Collection entries
[Start of Attachment]

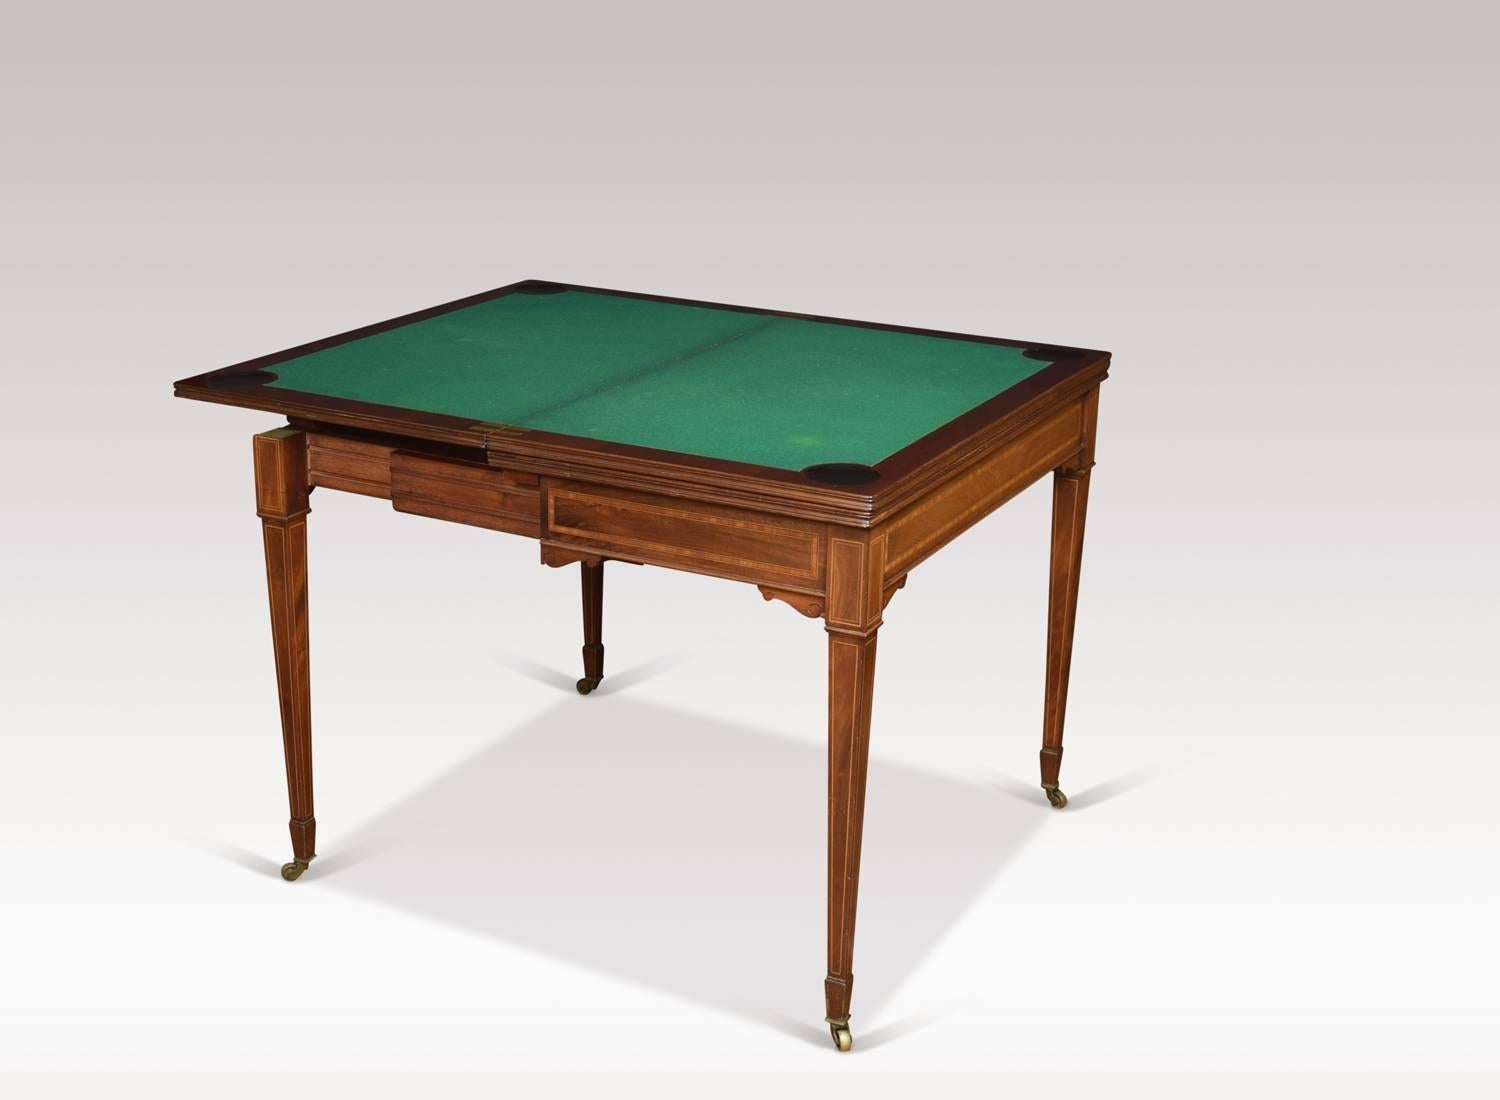 20th Century Edwardian Mahogany Inlaid Roulette Games Table
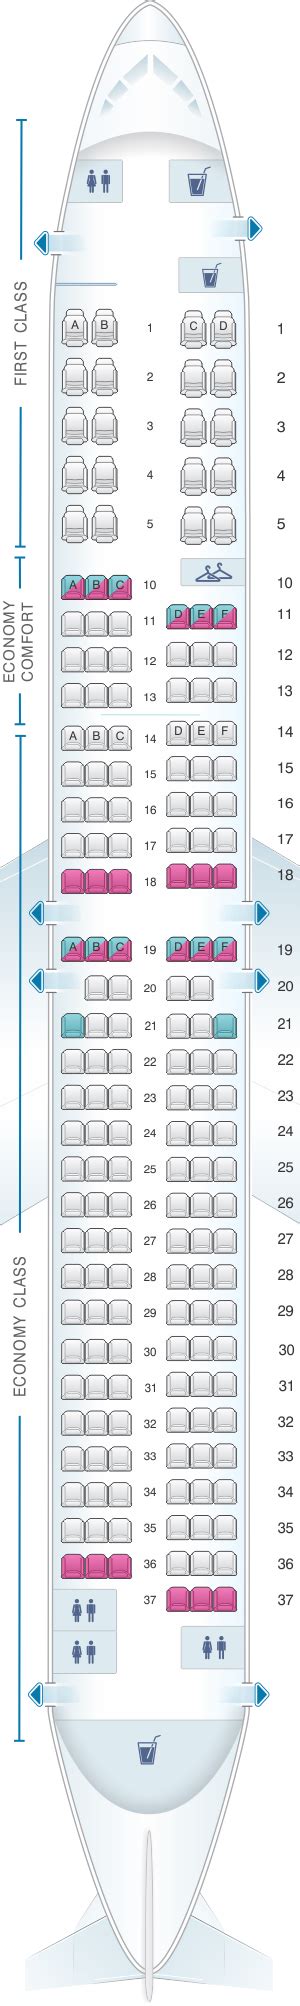 local_pizza. Seat 34F is a standard economy window seat with 30-31" of seat pitch, which is average across Boeing 737-900's worldwide.
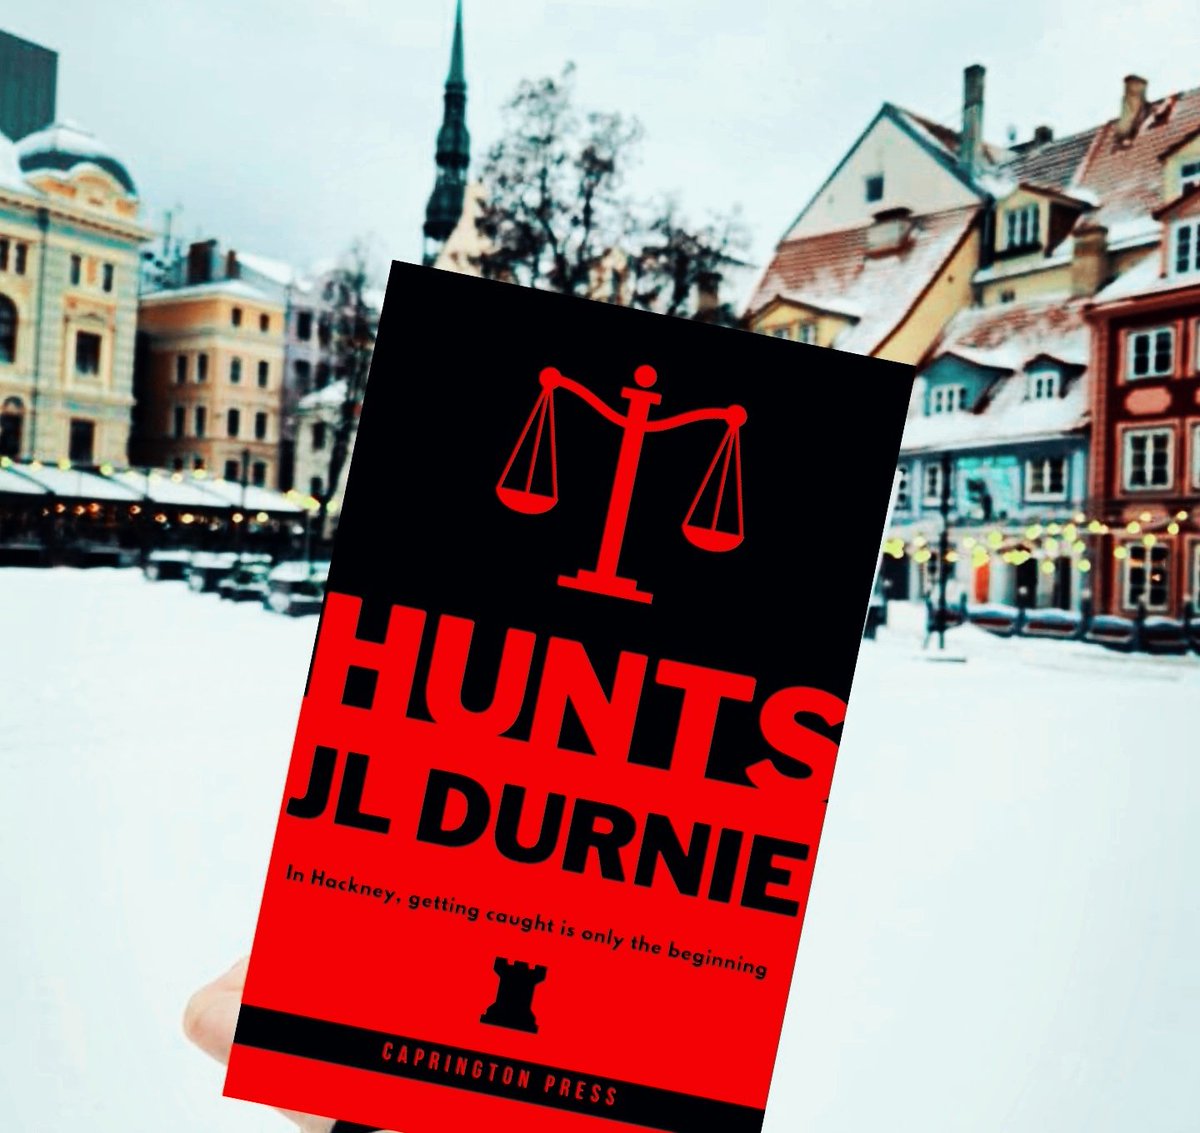 #ReadingInRiga #Hunts Crime Fiction - 1980s Hackney Where the law and justice collide, with explosive results Special offer £1.99 At that price, it’s a crime not to buy it… Kindle/Ebook now available at Amazon for £1.99 amzn.to/3sw6pKL #CrimeFiction
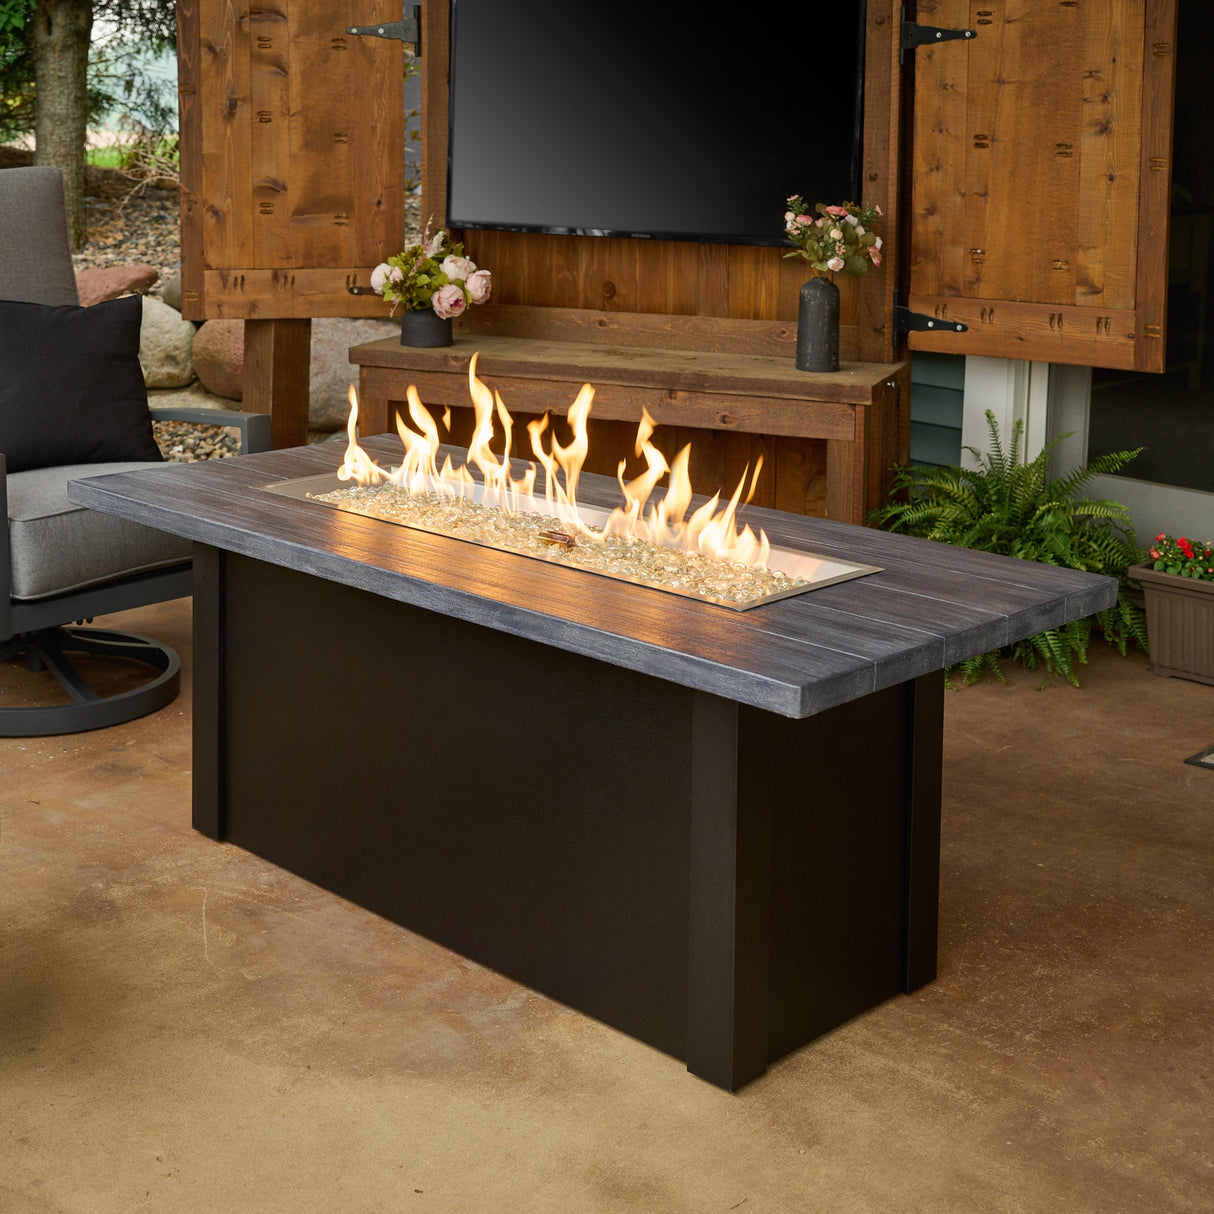 The Havenwood Linear Gas Fire Pit Table with a Carbon Grey top and Luverne Black base in a scenic outdoor patio
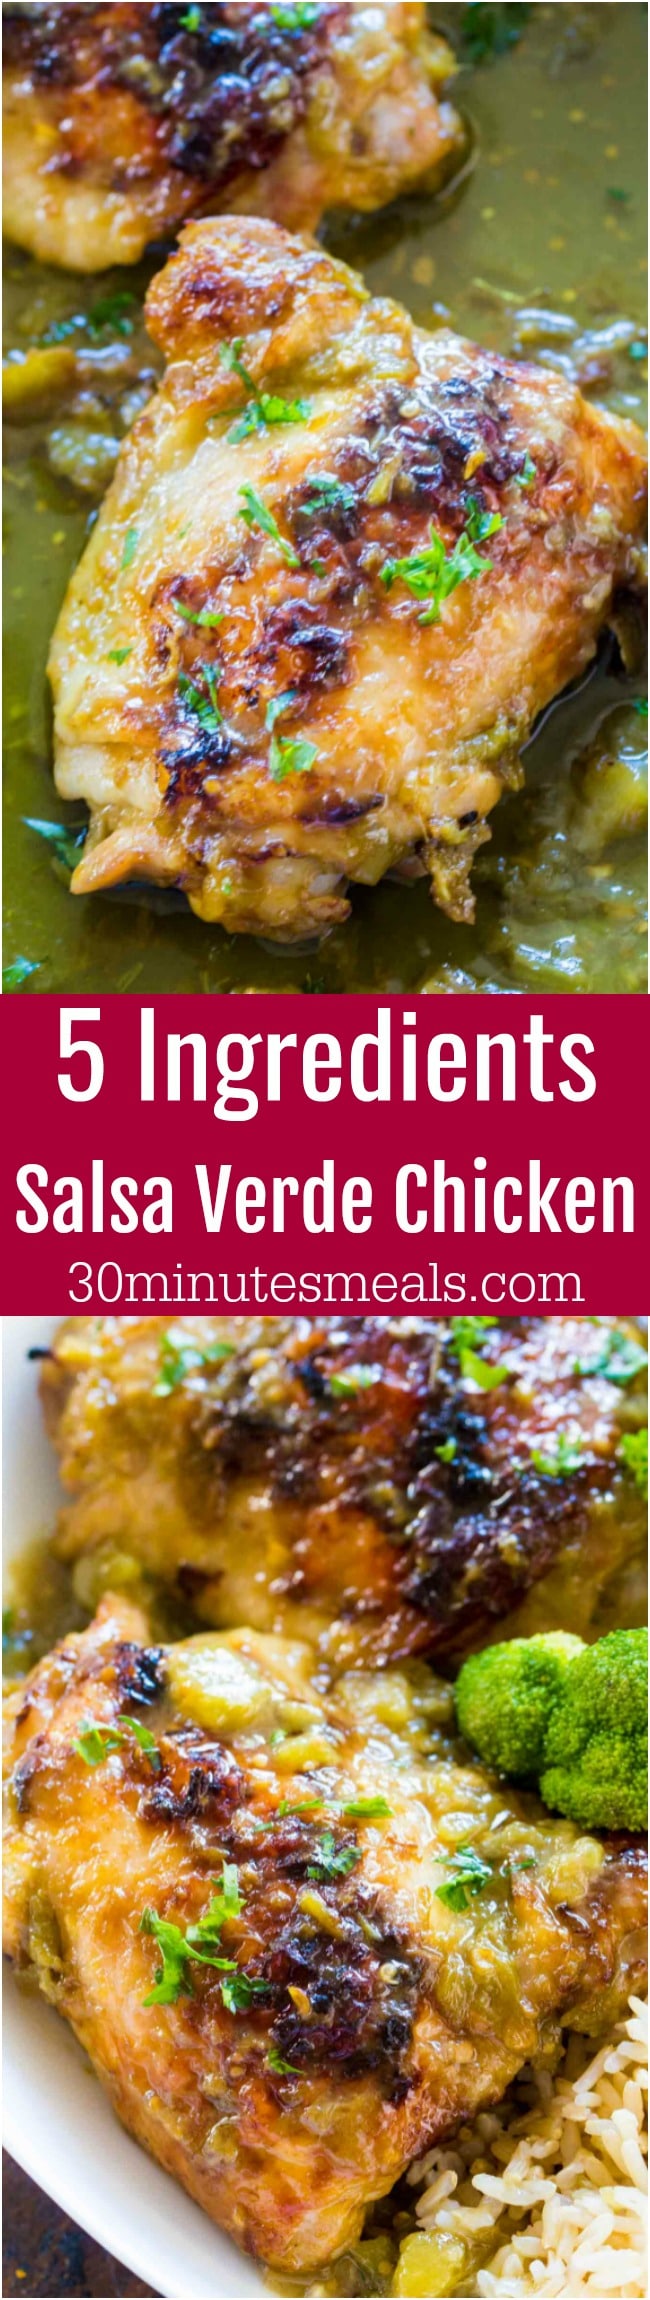 Green Chiles and Salsa Verde Chicken is such an easy and juicy way to prepare chicken in just 30 minutes with just 5 ingredients in one pan.

[End of Attachment]

Requirement. Extract the entries in full, exactly as they are, minus the pictures.

Response box.
 20th Century Edwardian Mahogany Inlaid Roulette Games Table
 local_pizza. Seat 34F is a standard economy window seat with 30-31" of seat pitch, which is average across Boeing 737-900's worldwide.
 #ReadingInRiga #Hunts Crime Fiction - 1980s Hackney Where the law and justice collide, with explosive results Special offer £1.99 At that price, it’s a crime not to buy it… Kindle/Ebook now available at Amazon for £1.99 amzn.to/3sw6pKL #CrimeFiction
 The Havenwood Linear Gas Fire Pit Table with a Carbon Grey top and Luverne Black base in a scenic outdoor patio
 Green Chiles and Salsa Verde Chicken is such an easy and juicy way to prepare chicken in just 30 minutes with just 5 ingredients in one pan.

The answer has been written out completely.